Objects in aerial images are often crowded, distribute with large scale variations and appear at arbitrary orientations. Generic object detection methods with horizontal anchors [37] usually suffer from severe misalignment in such scenarios: one anchor/RoI may contain several instances. Some methods [25, 24, 28] adopt rotated anchors with different angles, scales and aspect ratios to alleviate this issue, while involving heavy computations related to anchors (e.g., bounding box transform and ground truth matching). Ding et al. [9] propose RoI Transformer to transform horizontal RoIs into rotated RoIs, which avoids a large number of anchors and alleviates the misalignment issue. However, it still needs heuristically defined anchors and complex RoI operations.
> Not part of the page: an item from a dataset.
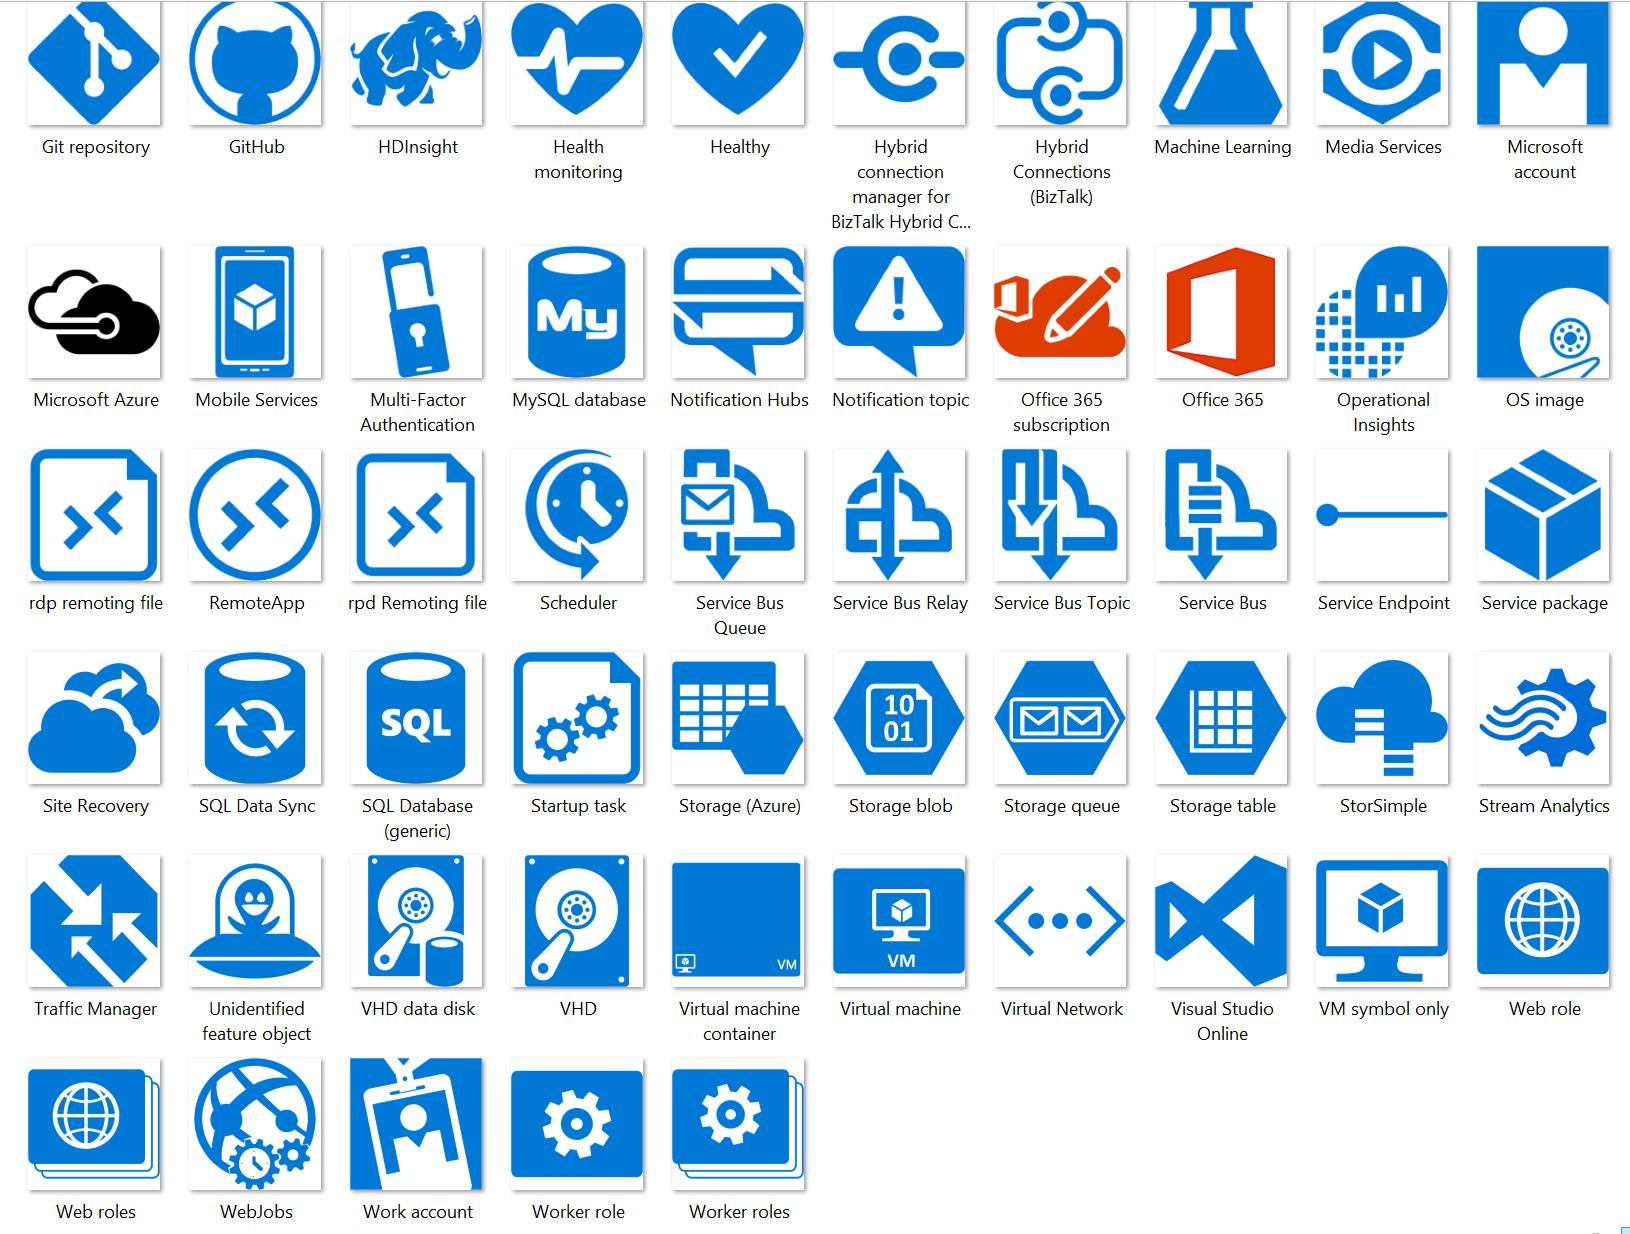 Sharepoint 2013 visio stencils

Instead of employing rotated anchors, Xu et al. [38] glide the vertex of the horizontal bounding box to accurately describe an oriented object. But the corresponding feature of a RoI is still horizontal and suffers from the misalignment issue. Recently proposed RDet [40] samples features from five locations (e.g., center and corners) of the corresponding anchor box and sum them up to re-encode the position information. In contrast with the above methods, the proposed SA-Net in this paper gets ride of heuristically defined anchors and can generate high-quality anchors by refining horizontal anchors into rotated anchors. Besides, the proposed FAM module enables to achieve feature alignment in a fully convolutional way.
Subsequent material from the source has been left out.